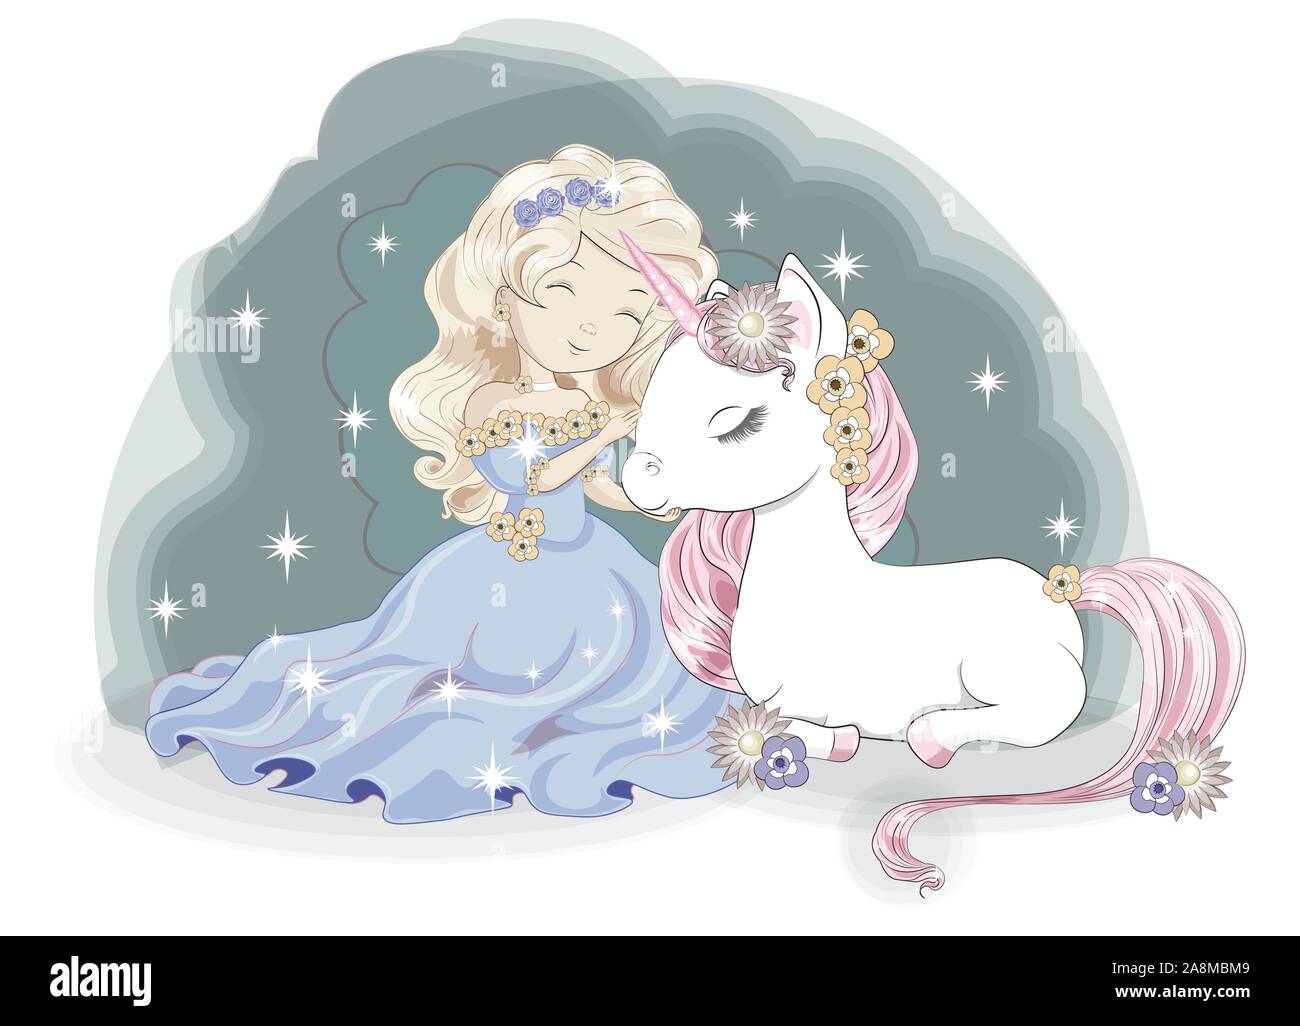 Prinzessin Mädchen blond und Magic White unicorn, im Blumengarten. Bild in der Hand Zeichnung Stil, für t-shirt fashion Print Design, Gruß birthd Stock Vektor
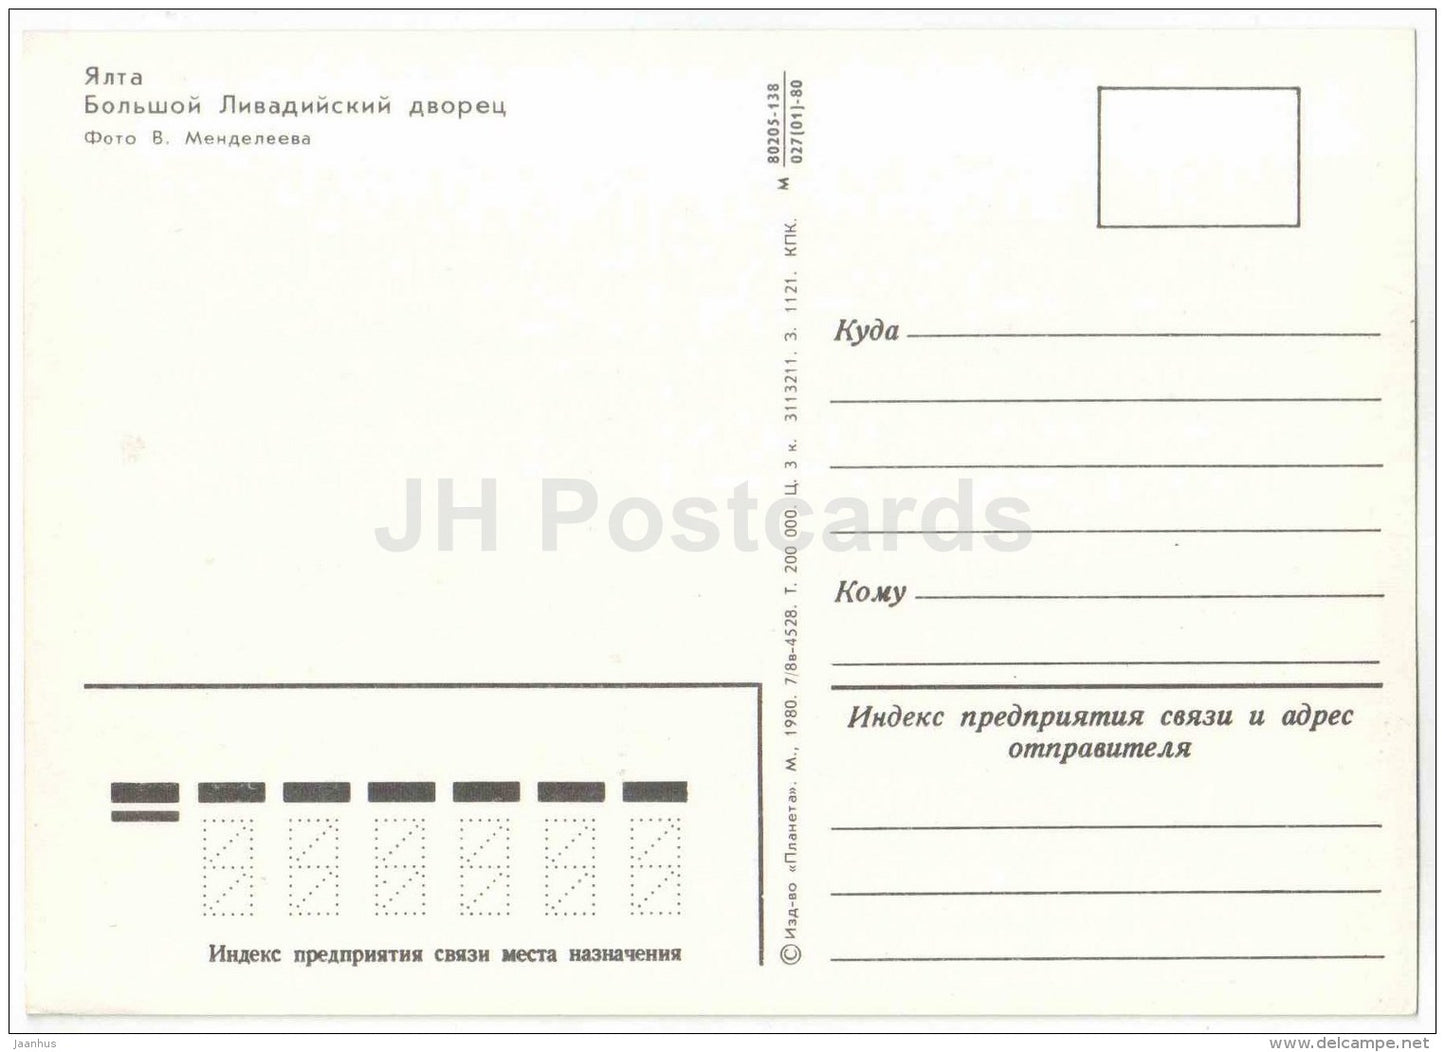 Grand Livadia Palace - Yalta - Crimea - 1980 - Ukraine USSR - unused - JH Postcards
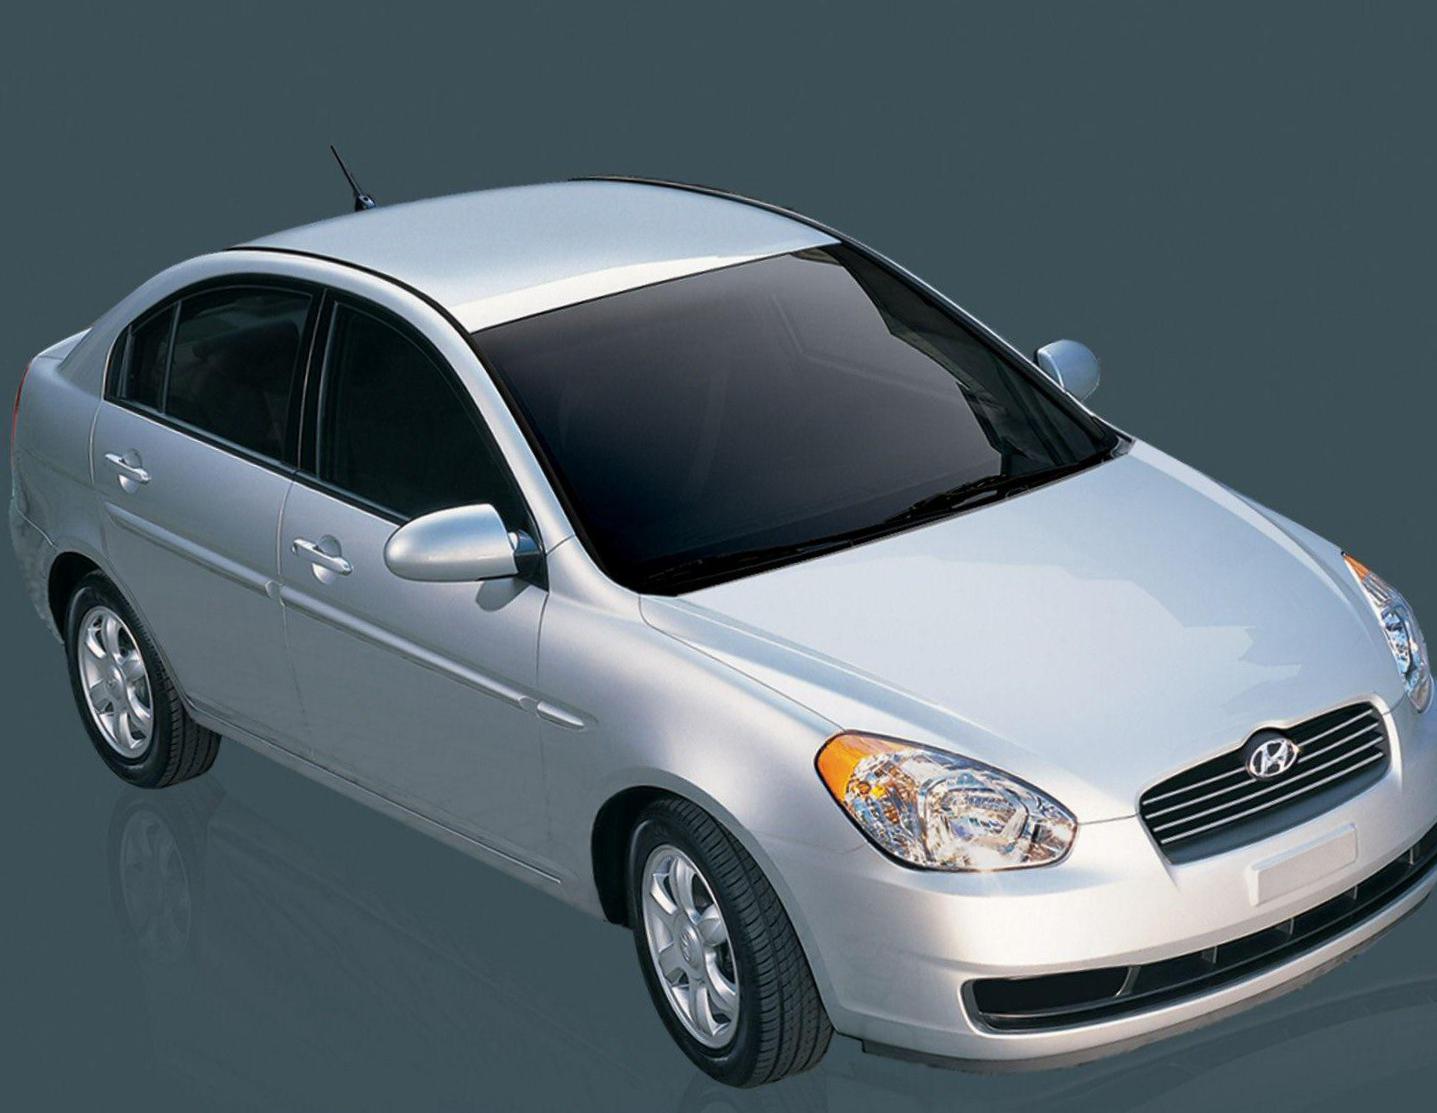 Accent Hyundai prices 2012

Directions for this task:
Every line of the material above should be repeated exactly, except for the pictures.

Response to this exercise:
 Prinzessin Mädchen blond und Magic White unicorn, im Blumengarten. Bild in der Hand Zeichnung Stil, für t-shirt fashion Print Design, Gruß birthd Stock Vektor
 Grand Livadia Palace - Yalta - Crimea - 1980 - Ukraine USSR - unused - JH Postcards
 Accent Hyundai prices 2012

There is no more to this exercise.